Provider Mechanism low medium high max
Anthropic Adaptive thinking (effort param) low medium high max (Opus only)
OpenAI reasoning_effort low medium high xhigh
Google Gemini 3.x thinking_level low medium high high
OpenRouter Passes through to underlying provider
# High thinking (opt-in; default is no effort flag — provider picks its own default)
firehorse --env GeneralReasoning/CTF --model anthropic/claude-sonnet-4-6 --effort high

# Max thinking for deep reasoning tasks
firehorse --env Naman/R2E-Gym --agent codex --model openai/gpt-5.4 --split all --effort xhigh

# Low thinking for speed
firehorse --env collinear/YC-Bench --agent react --model google/gemini-3.1-flash-lite-preview --effort low

Each agent maps --effort to its provider's native parameter. Models that don't support thinking (e.g., GPT-4.1) ignore the flag.

CLI Reference

firehorse --env ENV --model MODEL [OPTIONS]

Required:
  --env              Environment name (e.g.
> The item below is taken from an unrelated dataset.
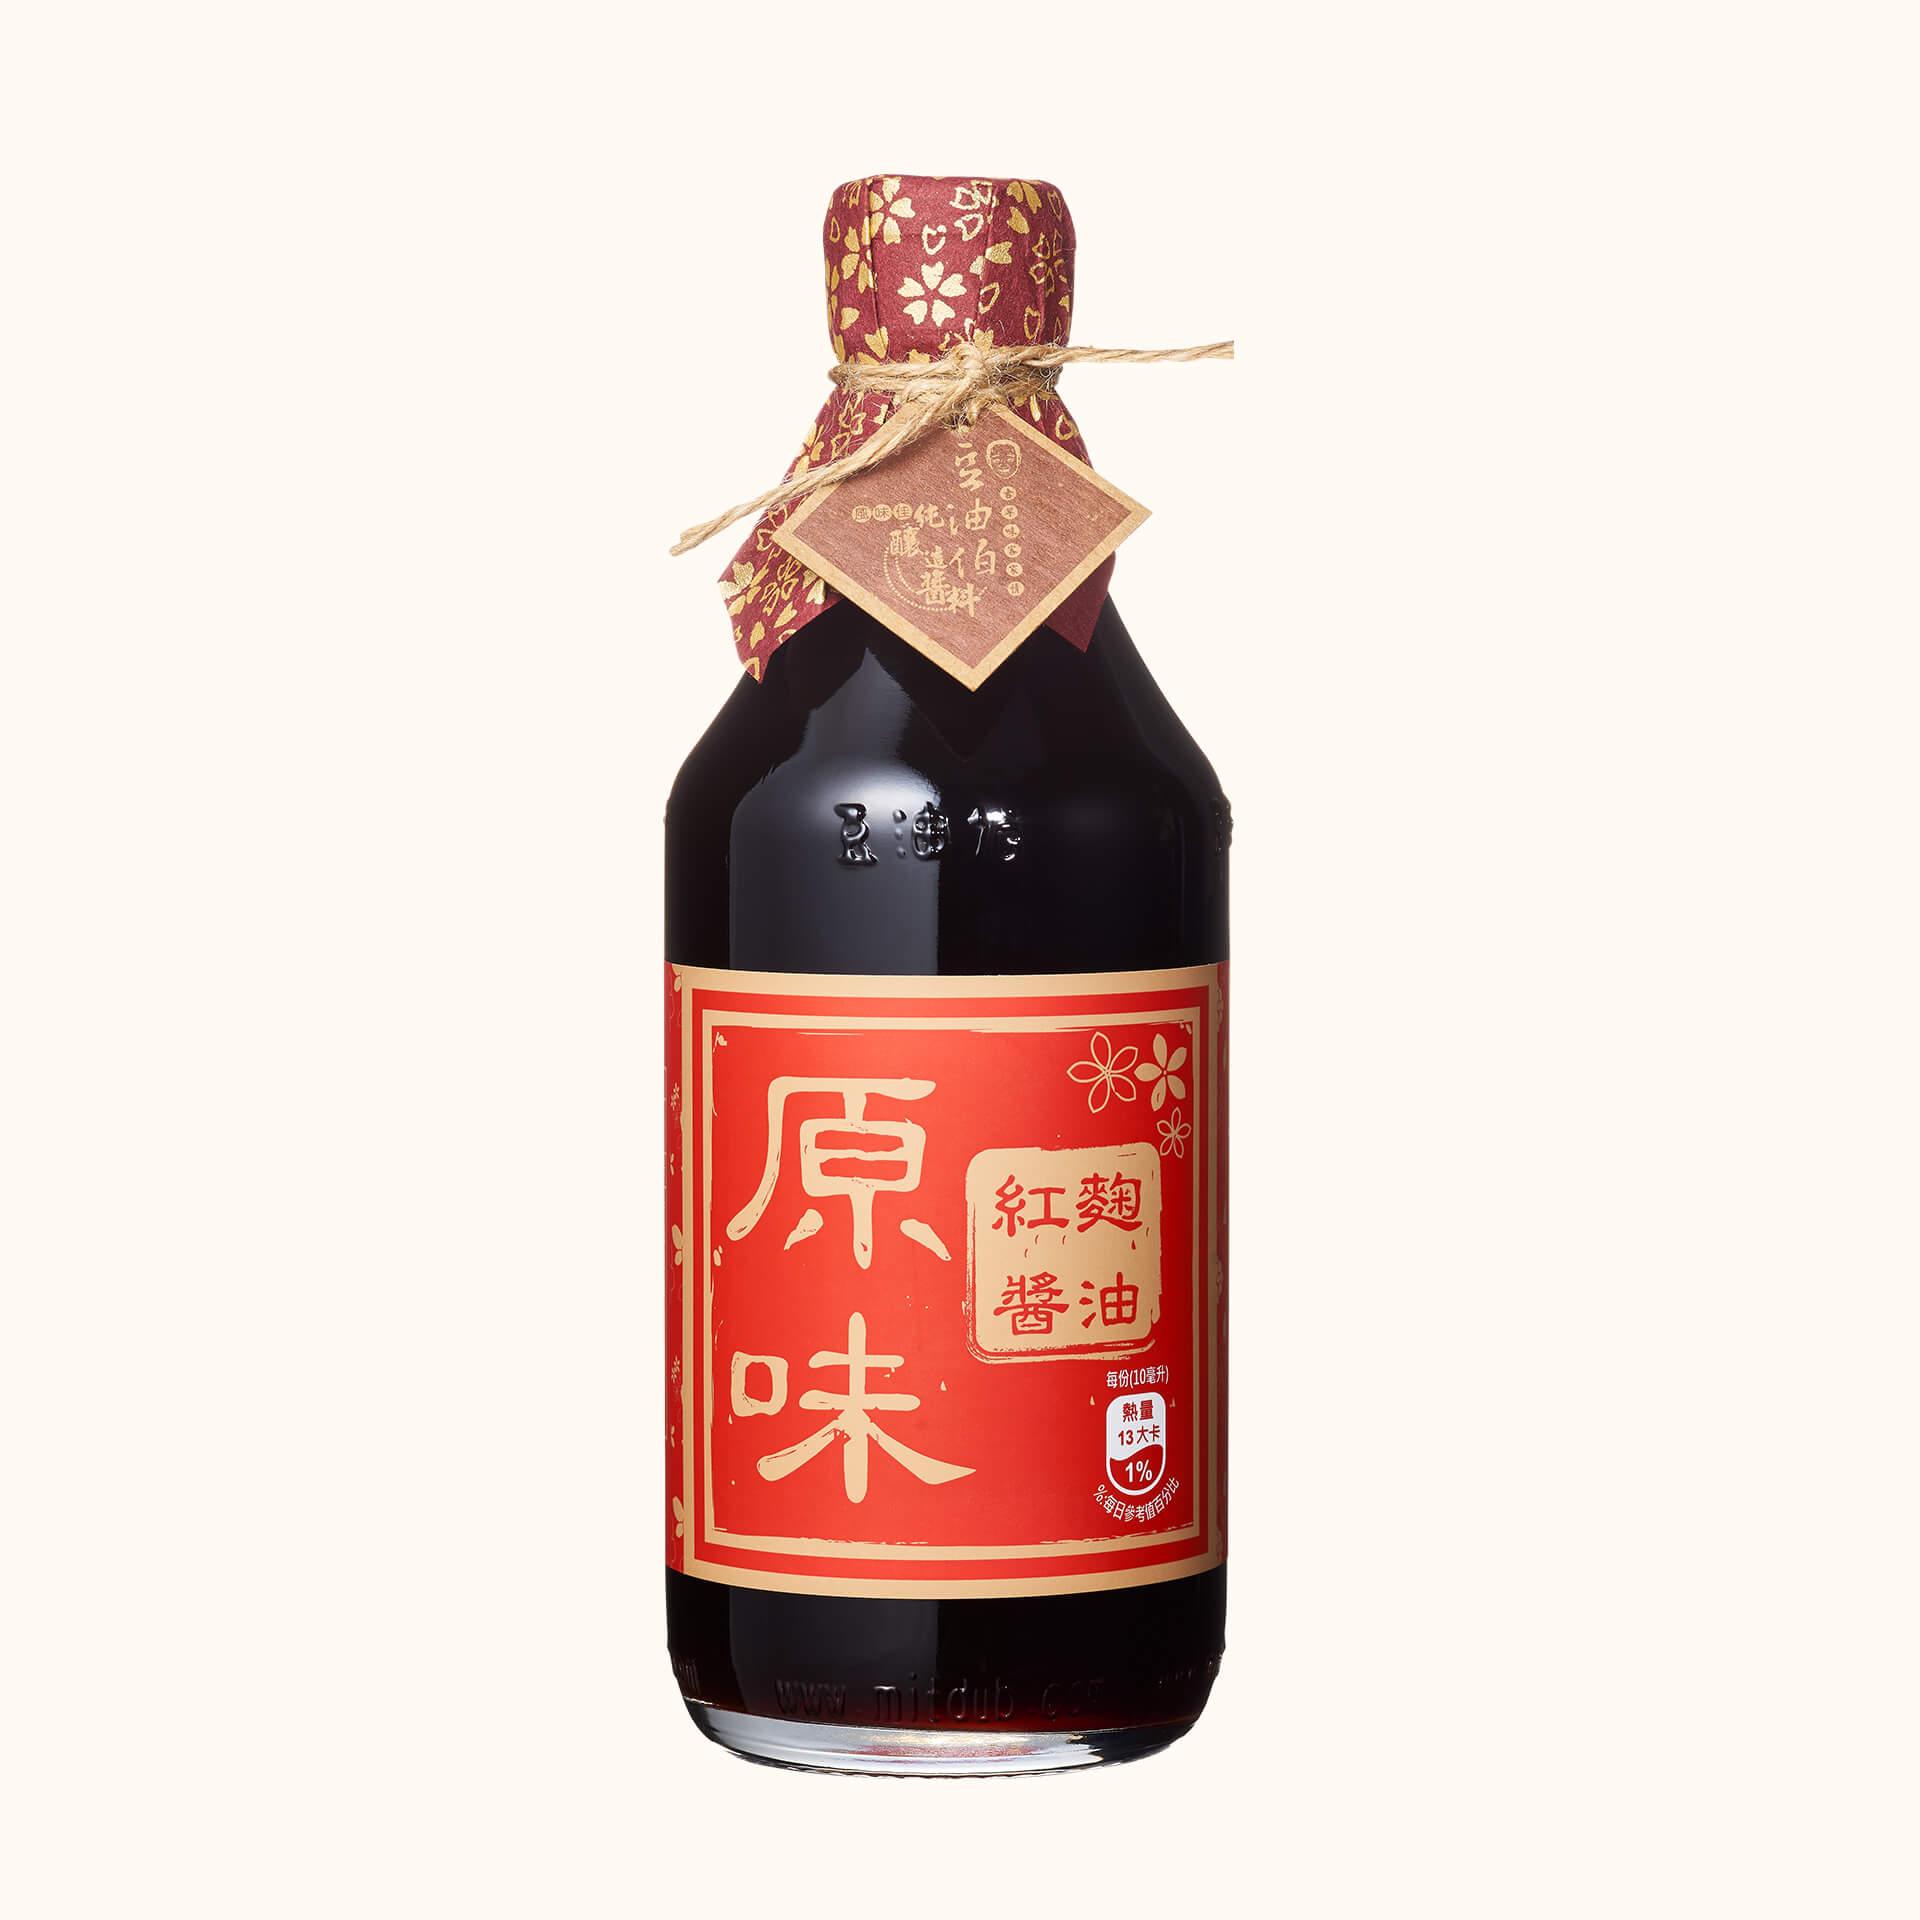 豆油伯原味紅麴釀造醬油500ml

MyOrg/my-environment)
  --model            Model identifier (e.g. anthropic/claude-sonnet-4-6)

Options:
  --agent            Agent type: claude-code, codex, gemini, react, resum (default: resum)
  --variant          Environment variant (e.g. 'mathnocode' for GeneralReasoning/MATH) (default: none)
  --split            Task split to evaluate (default: test)
  --n-concurrent     Max parallel trials (default: 1)
  --max-tasks        Limit number of tasks to evaluate
  --max-turns        Max tool call turns per trial
  --run-name         Name for this evaluation run
  --effort           Thinking effort: none, low, medium, high, max, xhigh (default: none — use model default)
  --provider-url     Custom API base URL for non-standard endpoints
  --output-dir       Directory for JSONL trajectory logs and results
  --secret KEY=VAL   Inject a session secret (repeatable)
  --disable-builtin-tools  Comma-separated list of tools to disable
  --use-env-descriptions   Use environment tool descriptions instead of built-in ones
  --use-all-filesystem-tools  Expose all filesystem tools via MCP (codex only)
  --no-logging       Disable OpenReward rollout streaming

Output

When --output-dir is specified, firehorse writes:

output_dir/
├── run_result.json          # Aggregate results across all trials
├── trial_0.jsonl            # Full agent trajectory
├── trial_0_result.json      # Per-trial summary (reward, tokens, cost, duration)
├── trial_0_rewards.jsonl    # Reward signal at each tool call
└── ...

Each trial result includes:

Field Description
reward Final reward score from the environment
finished Whether the environment signaled task completion
turns_used Number of tool call turns
input_tokens Total input tokens consumed
output_tokens Total output tokens consumed
cost_usd Estimated API cost
duration_seconds Wall-clock time

JSONL Trajectory Format

All agents share the same bookend events in trial_*.jsonl:

{"type": "openreward_prompt", "system_prompt": "...", "environment_prompt": "..."}
... agent-specific events ...
{"type": "openreward_summary", "task_spec": {...}, "env": "...", "model": "...", "usage": {...}}

The events in between depend on whether the agent is API-based or CLI-based.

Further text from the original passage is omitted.